В тот вечер Марина так и не успела выдохнуть. Всё шло как всегда — на автомате: обед, уборка, детские тетрадки, стирка. Она уже научилась жить без лишних чувств, потому что на них не было ни времени, ни права. Всё вокруг требовало — будь сильной, будь терпеливой, будь удобной.
Когда в коридоре брякнул дверной звонок, она только что опустилась за кухонный стол. Горячий чай обжигал ладони, но был единственным, что принадлежало ей. Минута покоя — и снова кому-то что-то нужно.
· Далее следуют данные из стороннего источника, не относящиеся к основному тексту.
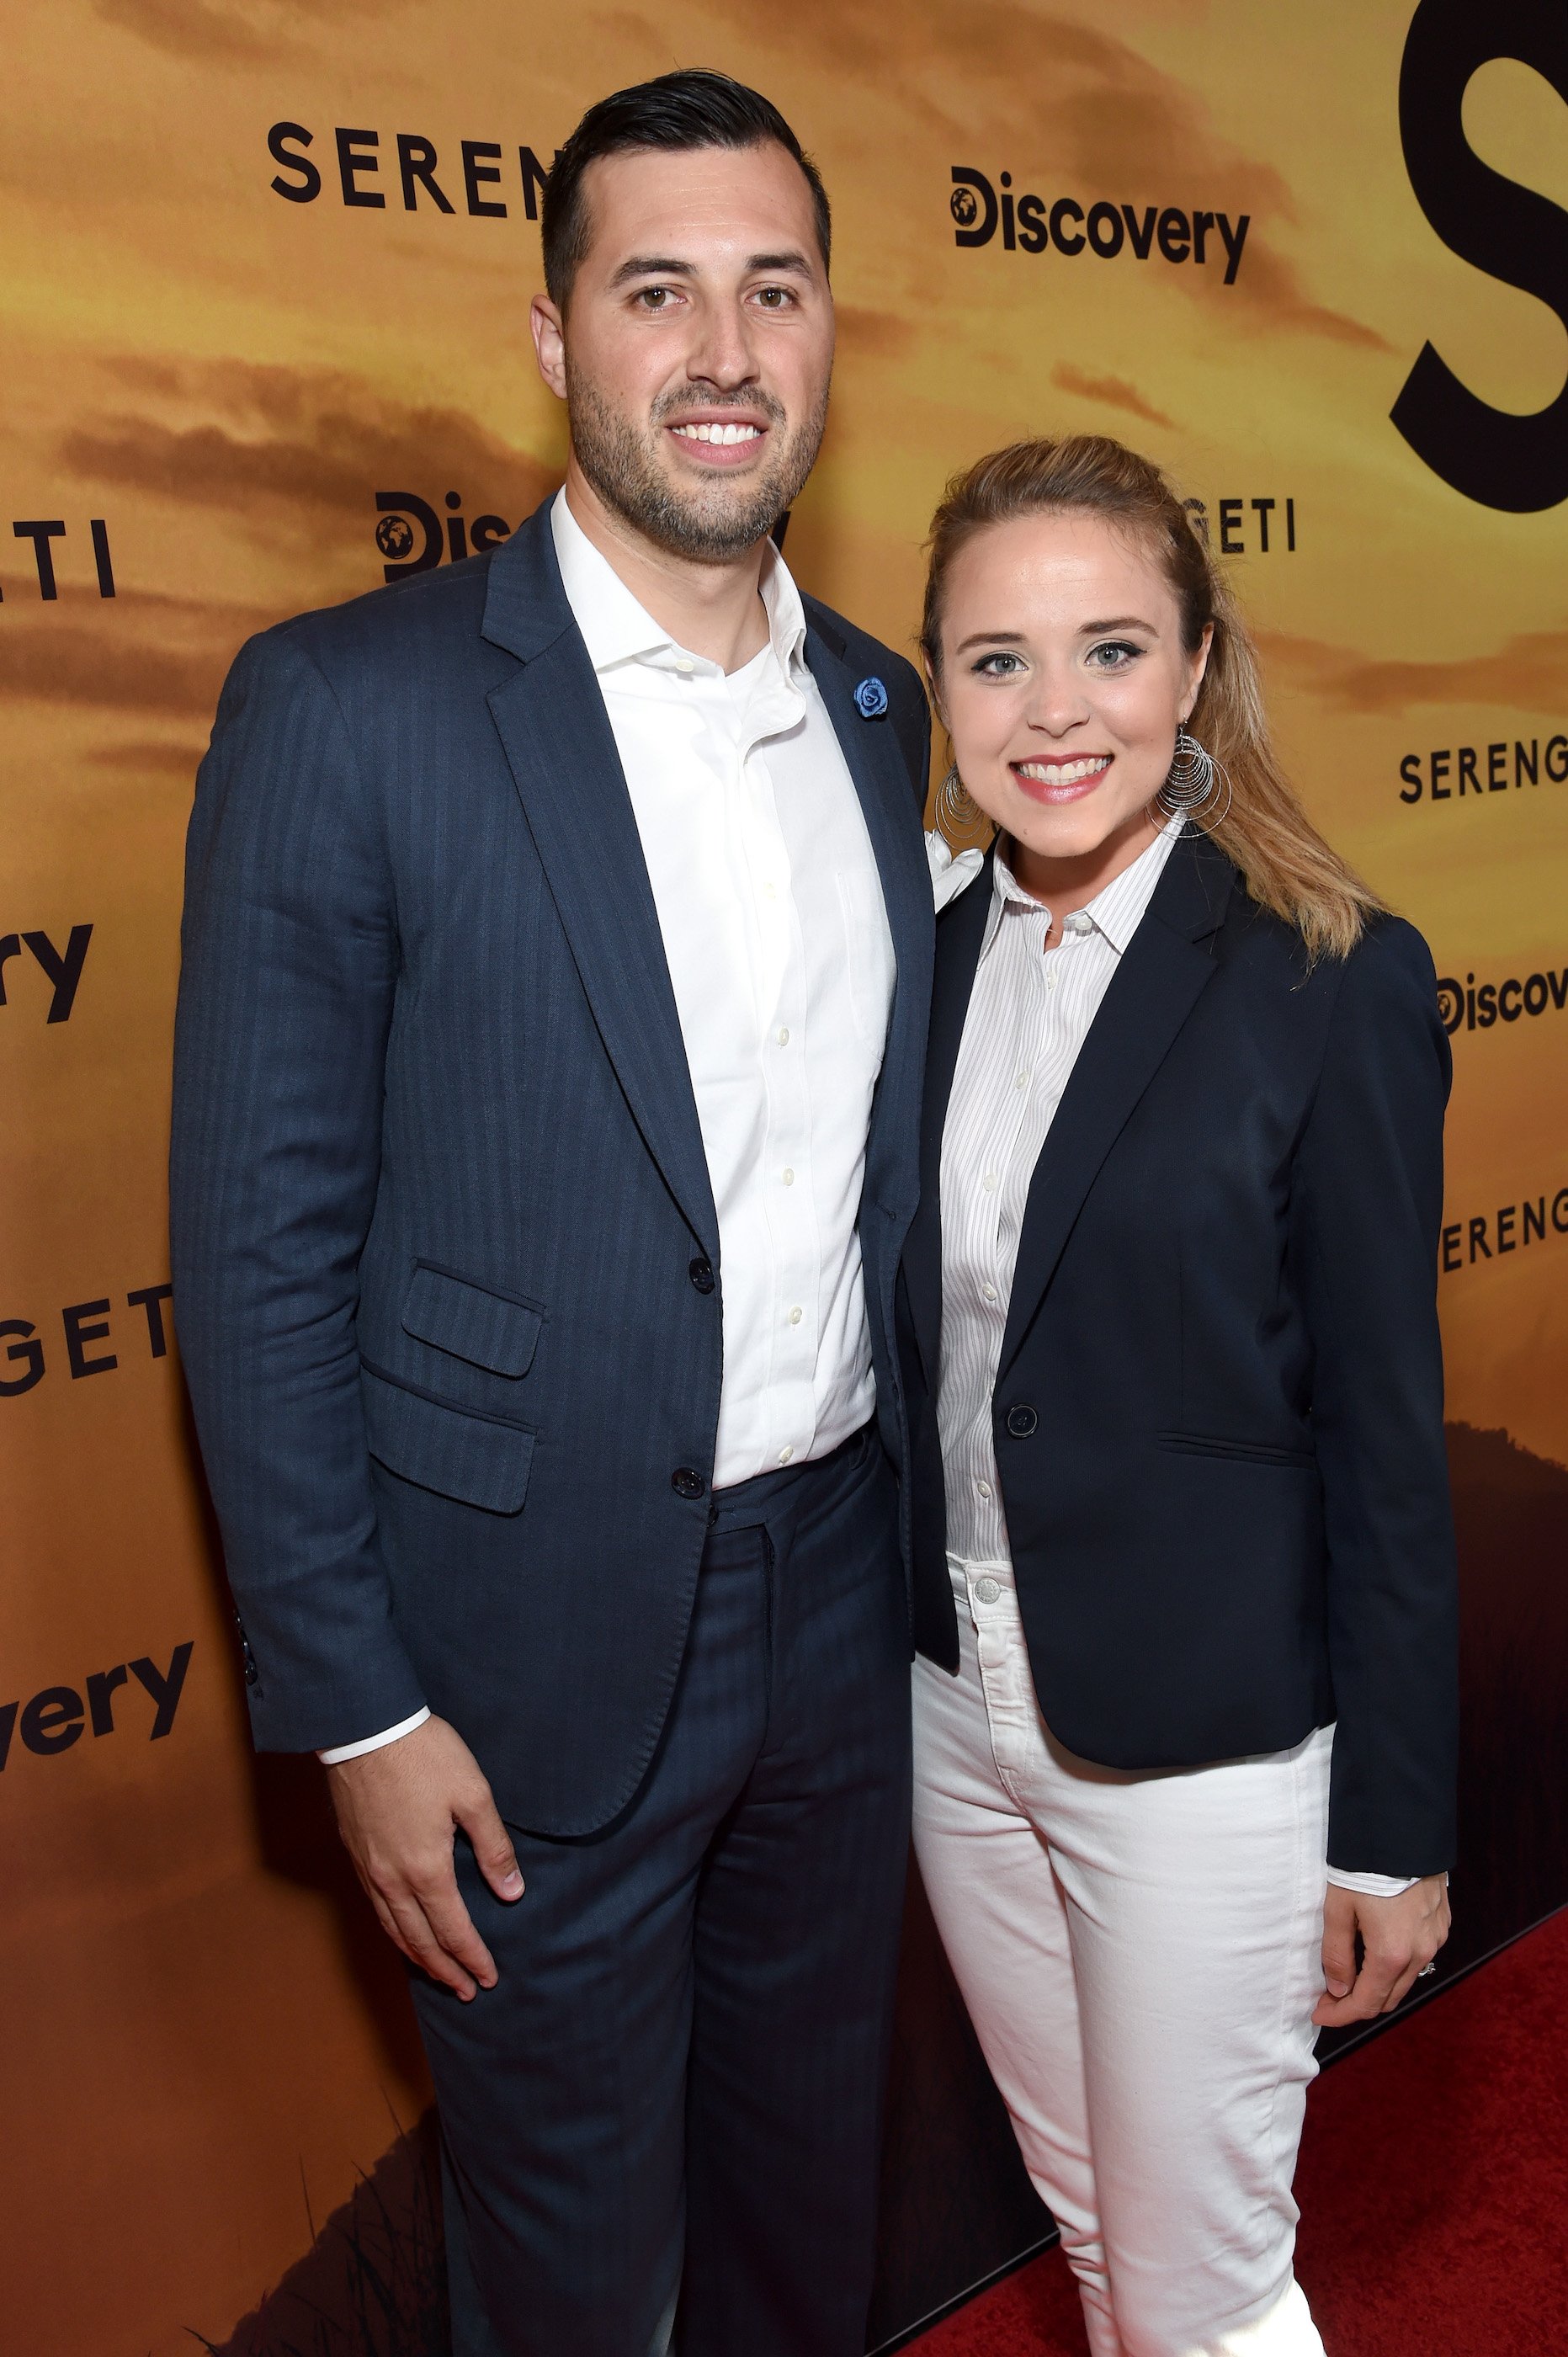 Jinger Duggar from the Duggar family on TLC's 'Counting On' and Jeremy Vuolo smiling at the camera at a movie premiere

Она ещё не знала, что этот звонок станет началом.
Началом конца её терпения.
— Кто там? — лениво окликнул Алексей из комнаты, не отрываясь от телевизора.
Марина нехотя поднялась и пошла к двери. На пороге стояла Раиса Петровна с поношенной дорожной сумкой и виноватой улыбкой. В одной руке — банка варенья, в другой — пакет с домашними пирожками.
— Алёшенька дома? — спросила свекровь, вытягивая шею, чтобы заглянуть за Маринино плечо. — Не ссоритесь?
— Заходите, Раиса Петровна.
— Маришка, я буквально на одну ночь. Автобус до Маргариты на утро перенесли, а ночевать — негде. В гостинице дорого, да и страшно там одной.
Маргарита — школьная подруга Раисы Петровны, уже третий год зовущая её на лето в деревню: «Живи у меня, воздух свежий, огород, тишина». В свои восемьдесят два это звучало заманчиво — не душная квартирка, не шумные соседи.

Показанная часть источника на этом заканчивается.